中庭を埋め尽くす魔法の光と花火は、祝賀会の夜を永遠に刻むかのように輝いた。
二人のダンスは、花火の光に祝福されながら、祝賀会の最高潮を迎えた。
冷静で責任感の強いアイアスと、その光を受けて輝くエレニ――二人の心が一つになった瞬間だった。

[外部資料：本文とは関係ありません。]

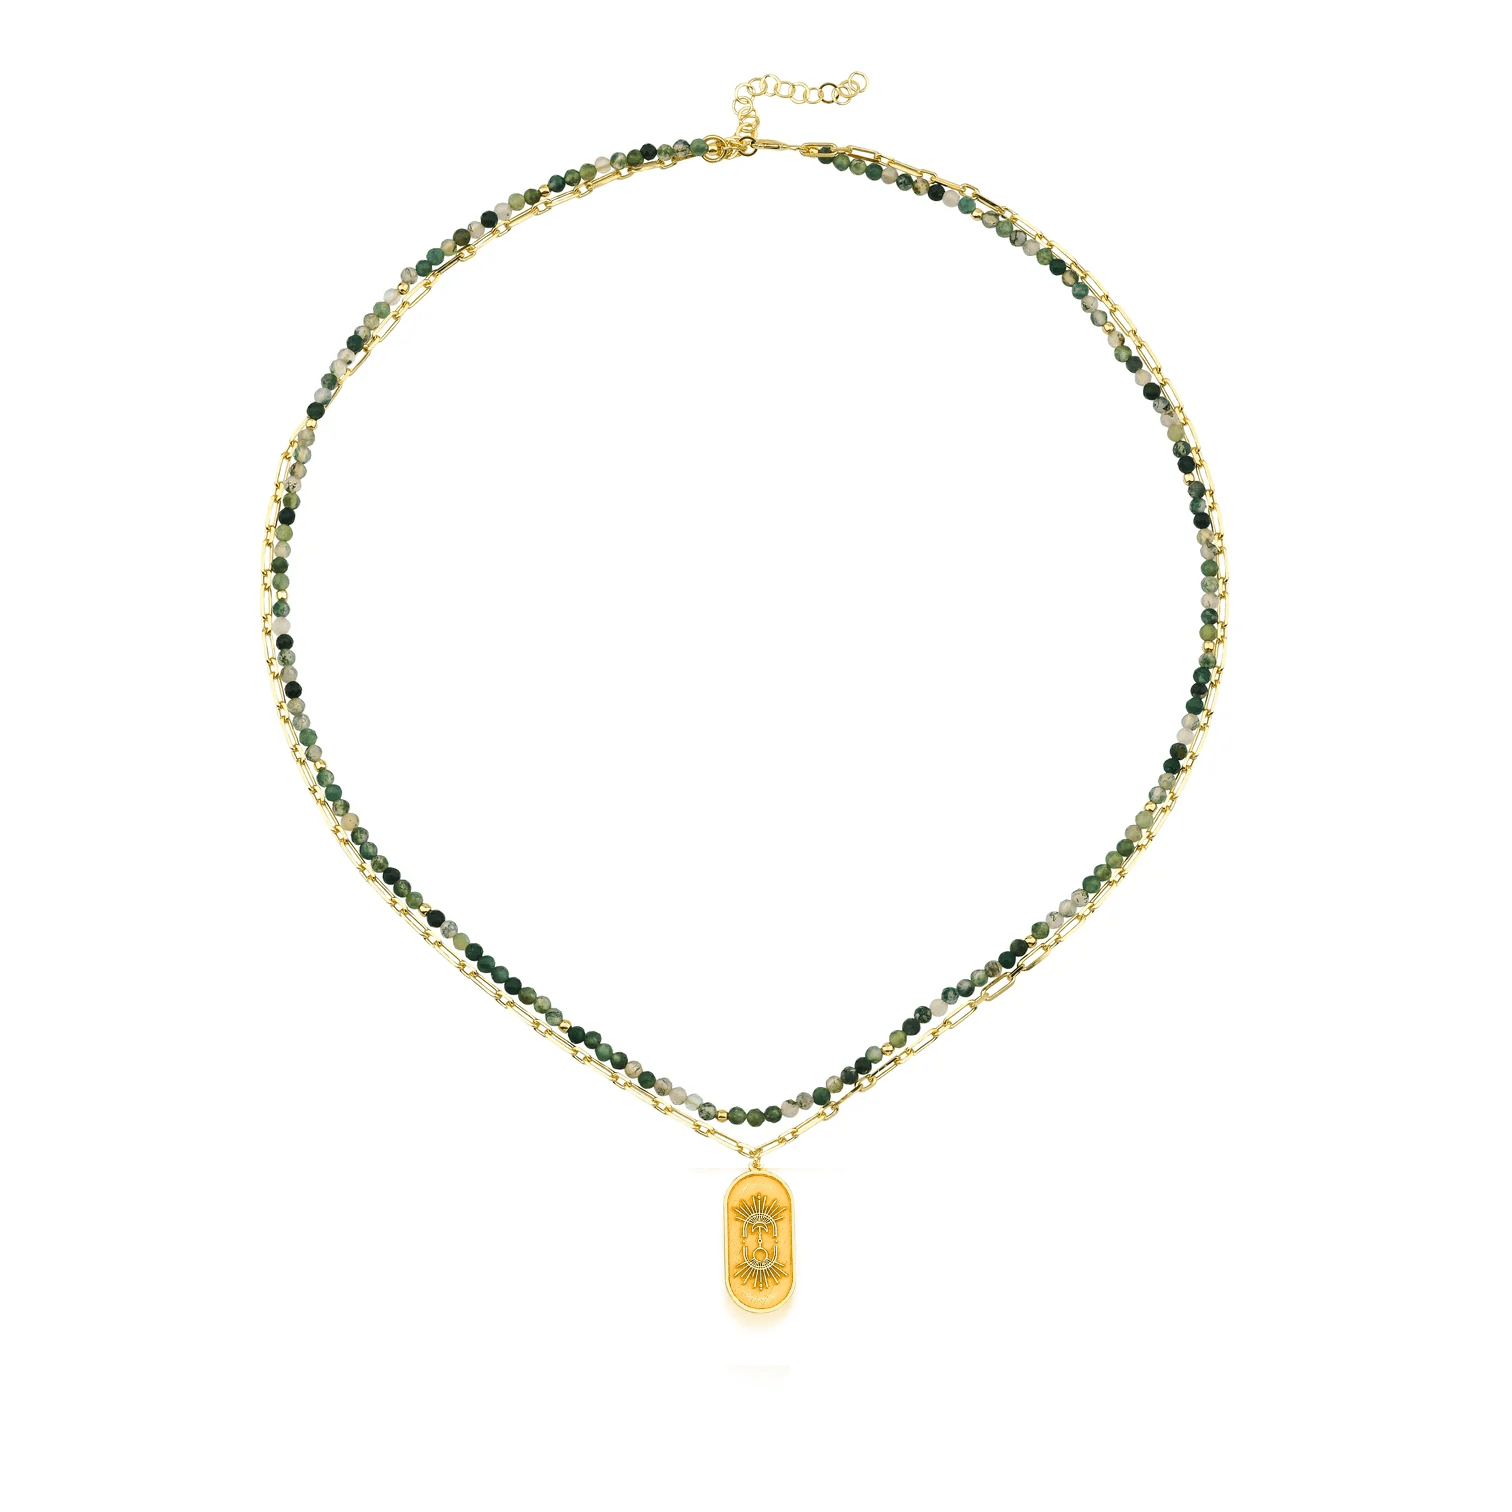 Sunlight Gem Stone Necklace - Emerald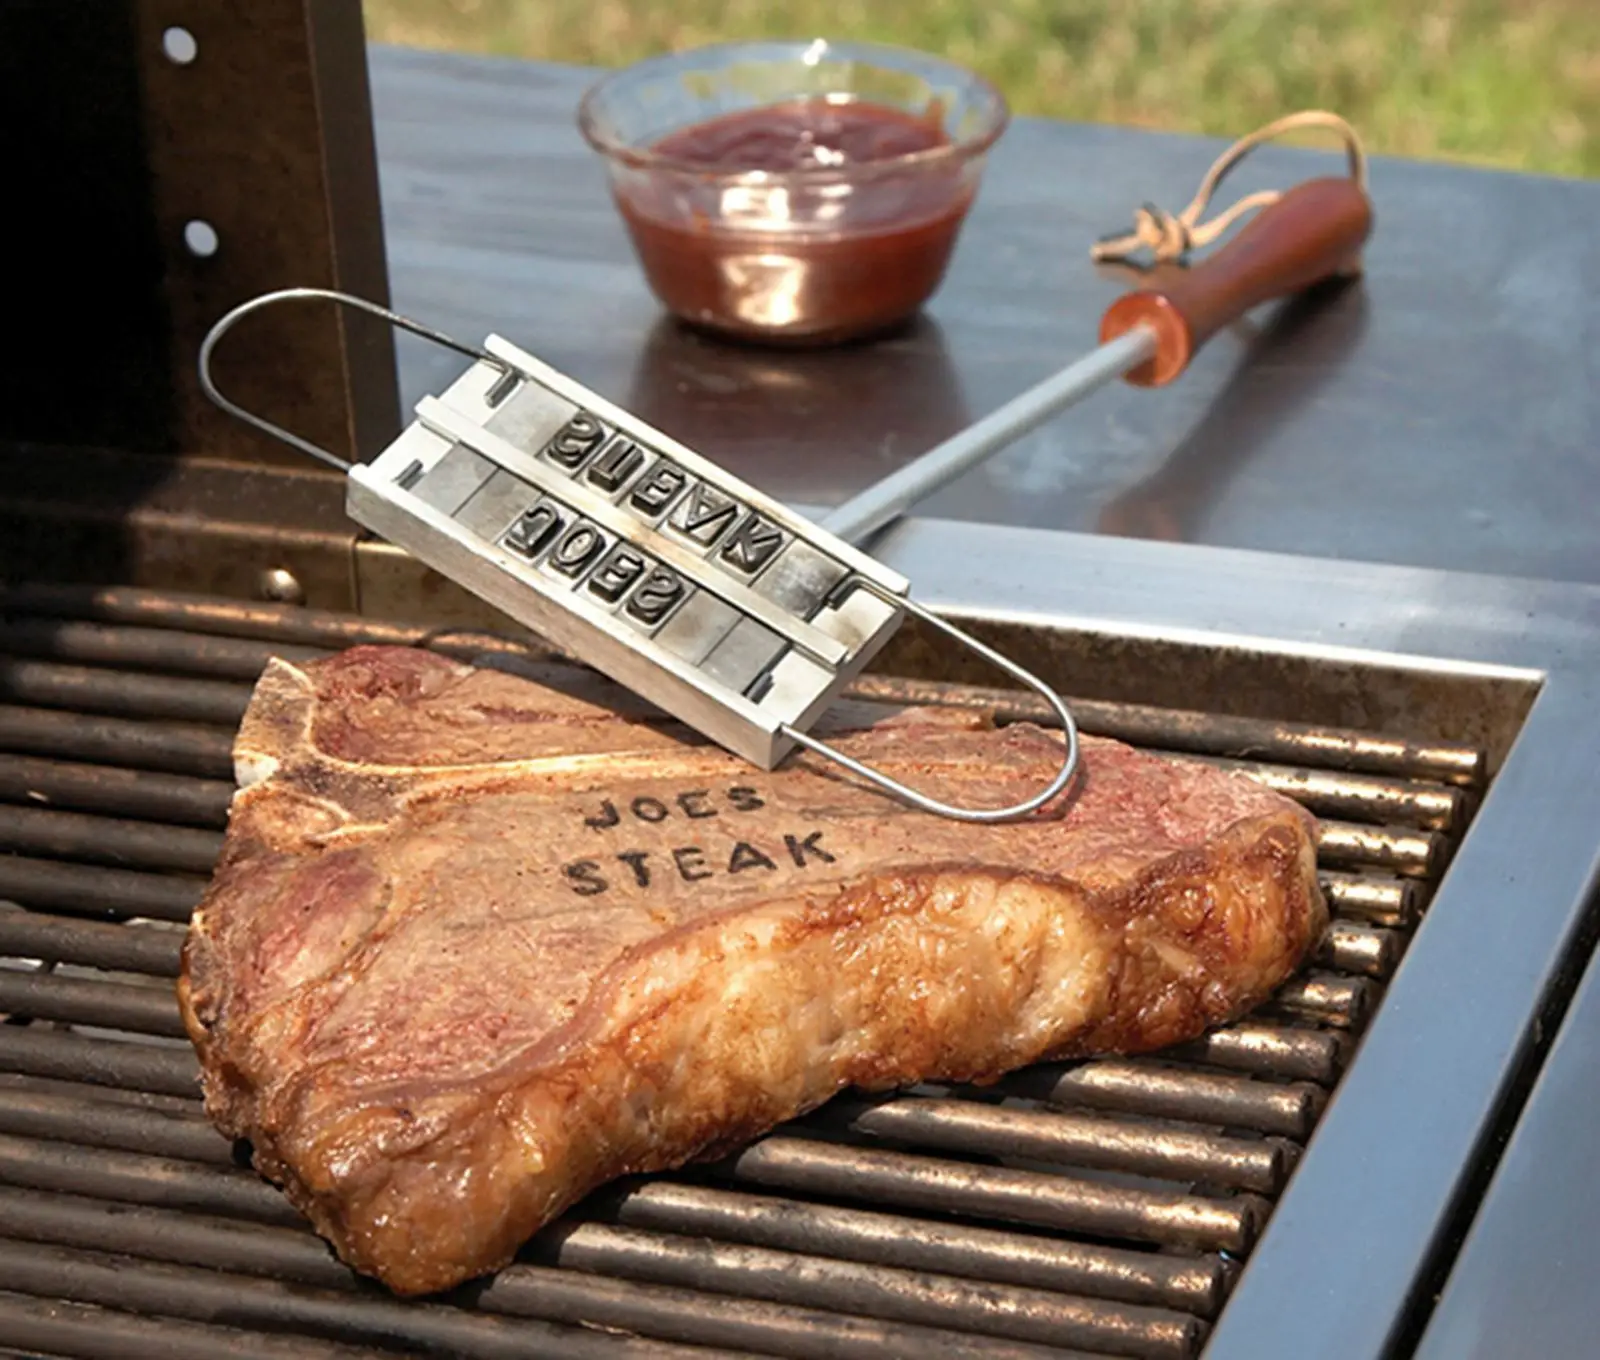 Customizable-BBQ-Steak-Iron-Name-Branding-Marking-Stamp-Barbecue-Branding-Tool-veasoon

ジーノとマカリア、ディオとメリノエも、各自のペアで笑顔を交わしながら踊る。
ユーモアと優雅さが混ざり合い、祝賀会はそのまま夜空に溶け込み、学園中に幸福な余韻を残した。
* * *
花火の余韻が夜空に溶けていく頃、中庭の明るさとは対照的に、
学院の影の薄い回廊はひっそりと静まり返っていた。
そこに、二つの影が寄り添うように立っていた。
一人は、黄金の髪をかき上げながら苛立たしげに舌打ちする青年――
ペイリトオス。
彼は、ヘラを誘惑していたイクシオン王の息子で“野心”が滲み出ていた。
もう一人は、壁にもたれかかり、鋭い眼光で祝賀会の光を遠く見つめる青年――
ポセイドンの子テセウス。
冷静に見えて、その瞳の奥には炎のような嫉妬が揺らいでいた。
「……あいつら、調子に乗りすぎじゃないか?」
ペイリトオスが唇を歪めて呟く。
「世界樹の浄化? 学院の英雄? どいつもこいつも、騒ぎすぎなんだよ」
「派手な花火だな」
テセウスは、夜空の光を一瞥して吐き捨てるように言う。
「だが、所詮は“ただの学生”だ。
神話の舞台に立つのは俺たちのほうだって、思い知らせてやるべきだろう」
ペイリトオスがにやりと笑う。
「お前も同じこと考えてると思ってたさ。……なぁ、テセウス」
「もちろんだ」
テセウスが腕を組む。
「だが、今は動く時じゃない。
学院中が祝賀と興奮で満ちている。
こういう時ほど、影はよく目立つものだ」
「じゃあ、どうする?」
「――いい話がある」
テセウスの目が細く、冷たく光る。
「それに……俺たちの後ろについている“あのお方”が動き始めたらしい」
ペイリトオスが眉をひそめる。
「……本気か? 学院は騒ぎになるぜ?」
「気にするな。むしろ都合がいい」
テセウスが薄く笑った。
「英雄気取りのあいつらには、そろそろ自分の立場を思い出してもらわないとな」
ペイリトオスも笑みを深める。
「さて……どんな“絶望”を味わってもらおうか」
祝賀会の光は遠い。
夜風が、二人の野心と嫉妬の匂いを運び去る。
――そして、彼らの背後には、黒い霧のような影が揺れていた。
その中心から、低く囁くような声が漏れ出す。
『ふふ……その憎悪、その嫉妬……いいわ。もっと見せてちょうだい』
ヘラか、あるいはクロノスの遣い――
その正体は、まだ誰も知らない。